Die Prostata gehört zu den Geschlechtsorganen des Mannes.

Sie liegt im Becken unterhalb der Harnblase, umschließt ringförmig die Harnröhre und produziert ein Sekret, das beim Samenerguss ausgestoßen wird und für die Beweglichkeit der Spermien sorgt.

 

Prostataentzündung

Etwa die Hälfte aller Männer ist im Laufe ihres Lebens einmal von einer Prostataentzündung betroffen. Selten sind es Bakterien, die über die Harnwege in die Prostata gelangen und eine akute oder auch chronisch verlaufende „bakterielle Prostataentzündung“ verursachen. Sehr viel häufiger ist die „chronische abakterielle Prostataentzündung“, die nicht durch Erreger bedingt ist und mit oder ohne Entzündungszeichen einhergehen kann. Oft lässt sich keine eindeutige Ursache dieser Erkrankung feststellen.

Druckgefühl im Dammbereich, Schmerzen im Unterbauch, auch im unteren Rücken, oder Probleme beim Wasserlassen können Symptome sein. Bei einer Infektion mit Bakterien kann zusätzlich Fieber auftreten. Die Diagnose einer Prostataentzündung erfolgt mithilfe einer Tastuntersuchung vom Enddarm an, einer Ultraschalluntersuchung sowie einer Urin- und Blutentnahme. Bei einer bakteriellen Prostataentzündung werden Antibiotika, bei anderen Ursachen sogenannte Alphablocker und entzündungshemmende Mittel zur Behandlung eingesetzt.

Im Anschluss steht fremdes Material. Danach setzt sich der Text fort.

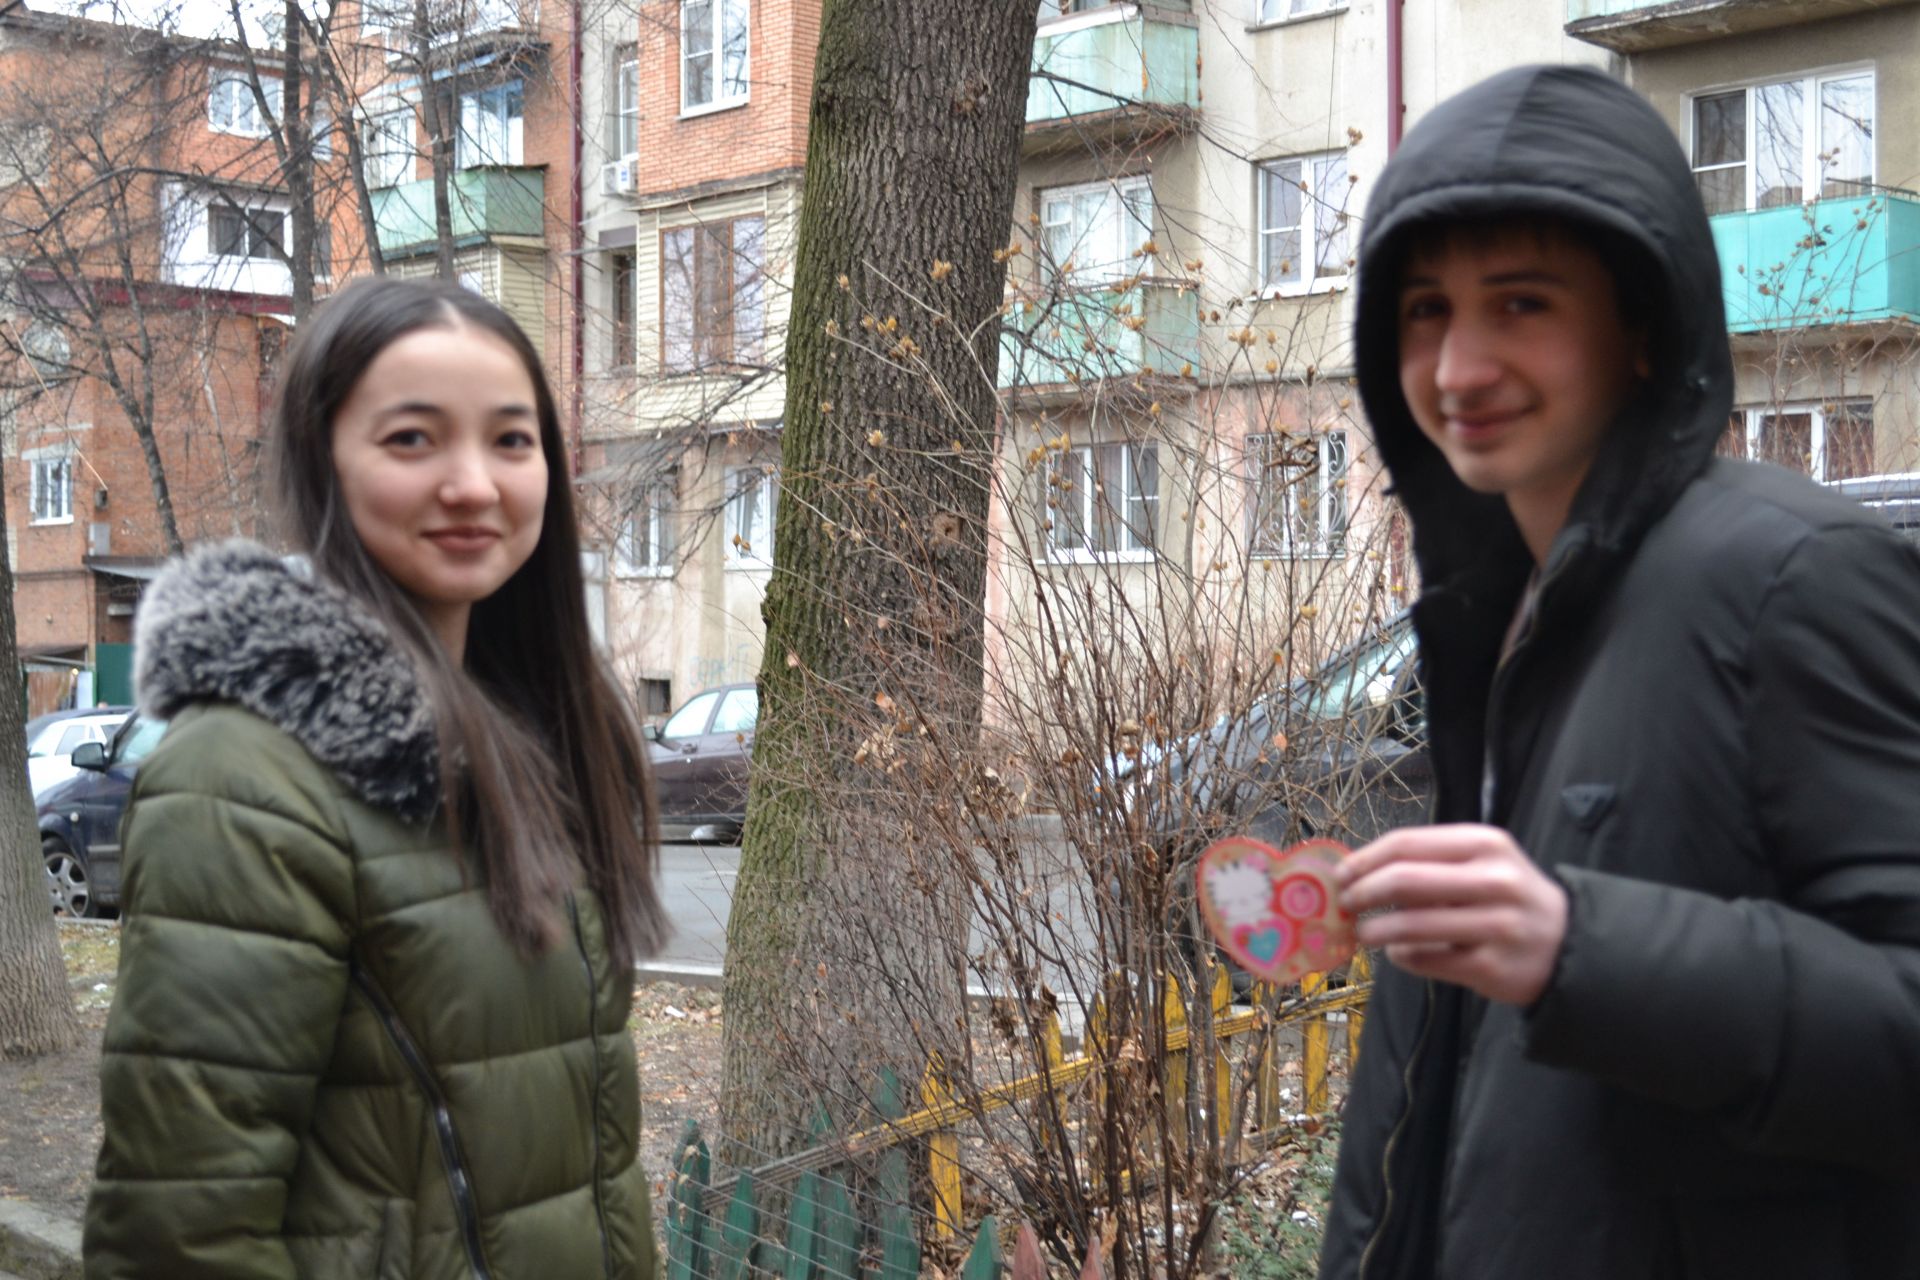 Студенты Владикавказского колледжа управления поздравляли прохожих открытками с Днем Святого Валентина

Wichtige Präventiv-Maßnahmen:

  • Achten Sie auf regelmäßige Blasenentleerung.
  • Ausreichendes Trinken spült Keime aus den Harnwegen und beugt Infekten vor.
  • Halten Sie sich warm und meiden Sie direkten Kälteeinfluss z.B. durch Sitzen auf kalter Unterlage.
  • Lassen Sie Harnwegsinfekte frühzeitig behandeln.

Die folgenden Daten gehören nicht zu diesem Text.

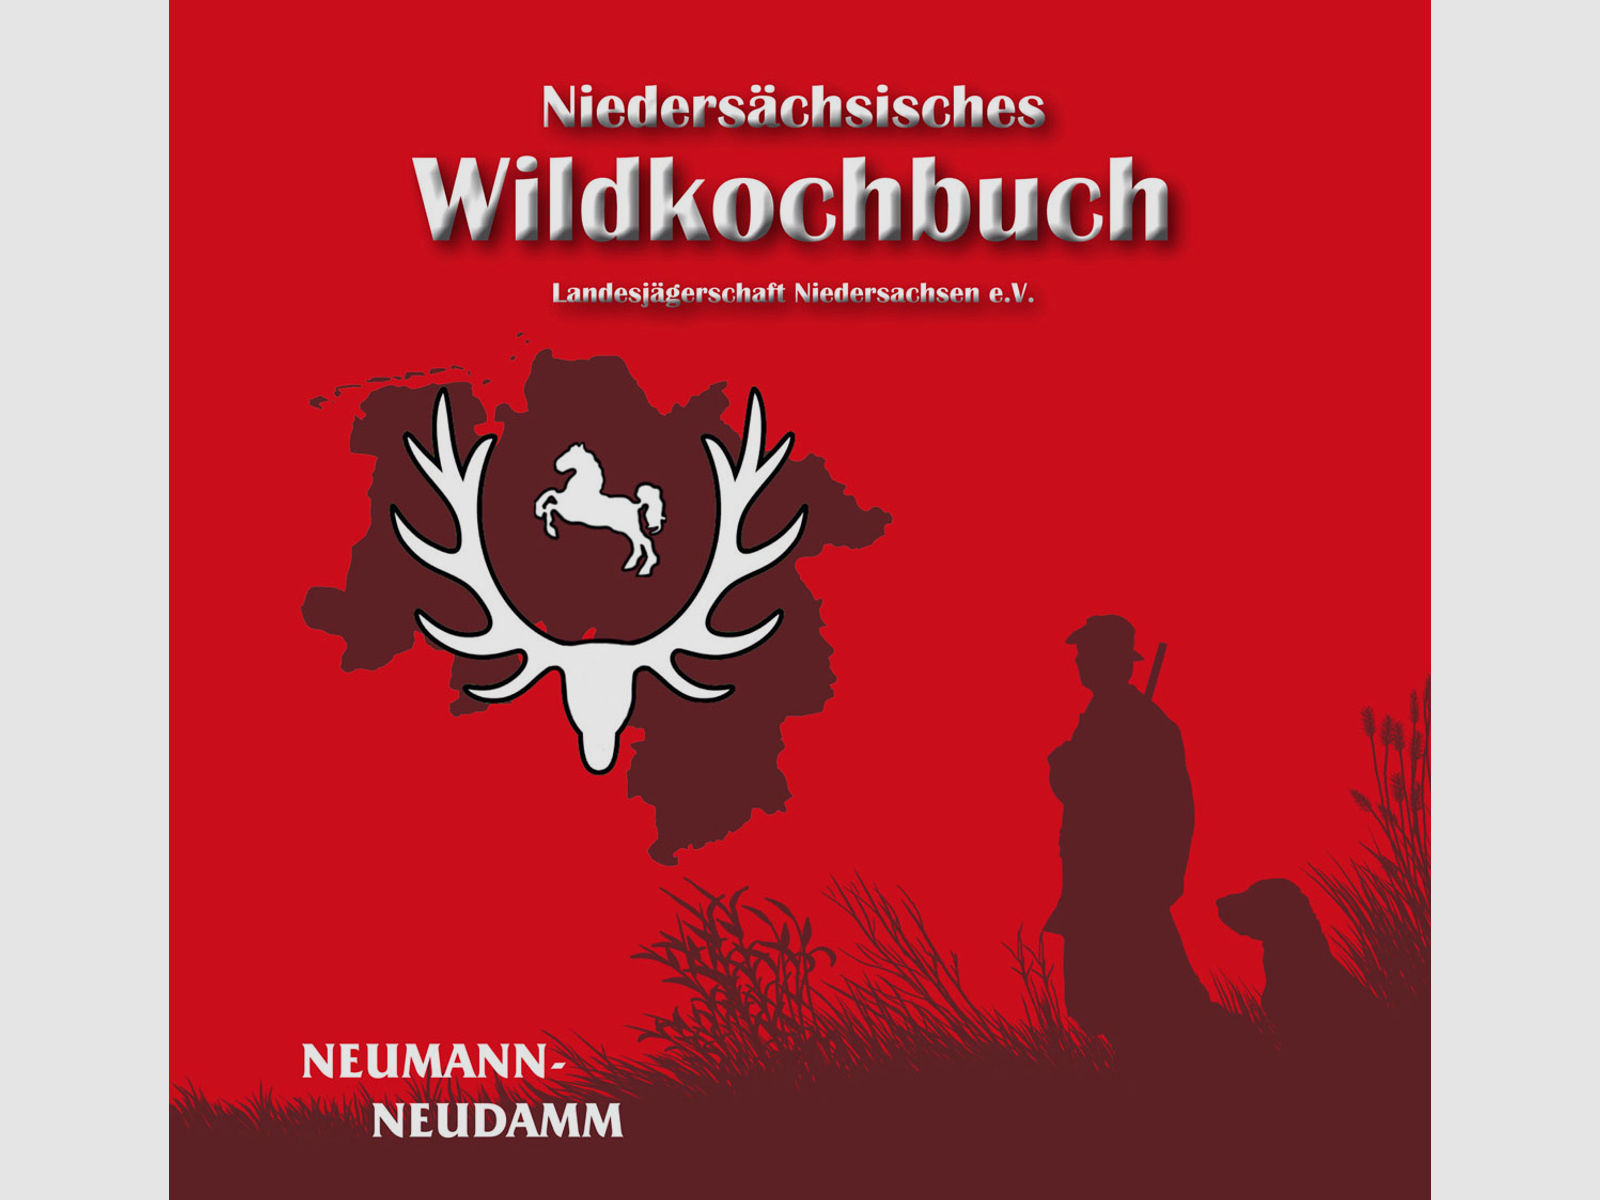 Wildkochbuch Niedersachsen

Gutartige Prostatavergrößerung

Beim jungen Mann hat die Prostata etwa die Größe einer Kastanie. Etwa ab dem 40. Lebensjahr führen altersbedingte Veränderungen im männlichen Hormonhaushalt zu einem langsamen Wachstum der Prostata, das anfänglich meist ohne Symptome verläuft. Ab einer bestimmten Größe kann die Prostata die Harnröhre aber so verengen, dass Probleme beim Wasserlassen auftreten. Nahezu jeder zweite Mann über 50 ist betroffen.

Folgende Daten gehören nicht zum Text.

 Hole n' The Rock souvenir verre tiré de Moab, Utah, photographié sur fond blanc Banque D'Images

Symptome sind häufiges und verzögertes Wasserlassen, abgeschwächter Harnstrahl, Nachtröpfeln, Restharngefühl durch unvollständige Blasenentleerung, plötzlicher Harndrang und nächtliches Wasserlassen. Trotz einhergehender Einschränkungen in der Lebensqualität verschweigen viele Männer diese Probleme. Bleiben die Symptome zu lange unbehandelt, kann es zu Schädigungen der Harnblase und der Nieren, Entzündungen der Prostata, Nierenschädigung oder akutem Harnverhalt (also der Unfähigkeit, spontan Harn zu lassen) kommen.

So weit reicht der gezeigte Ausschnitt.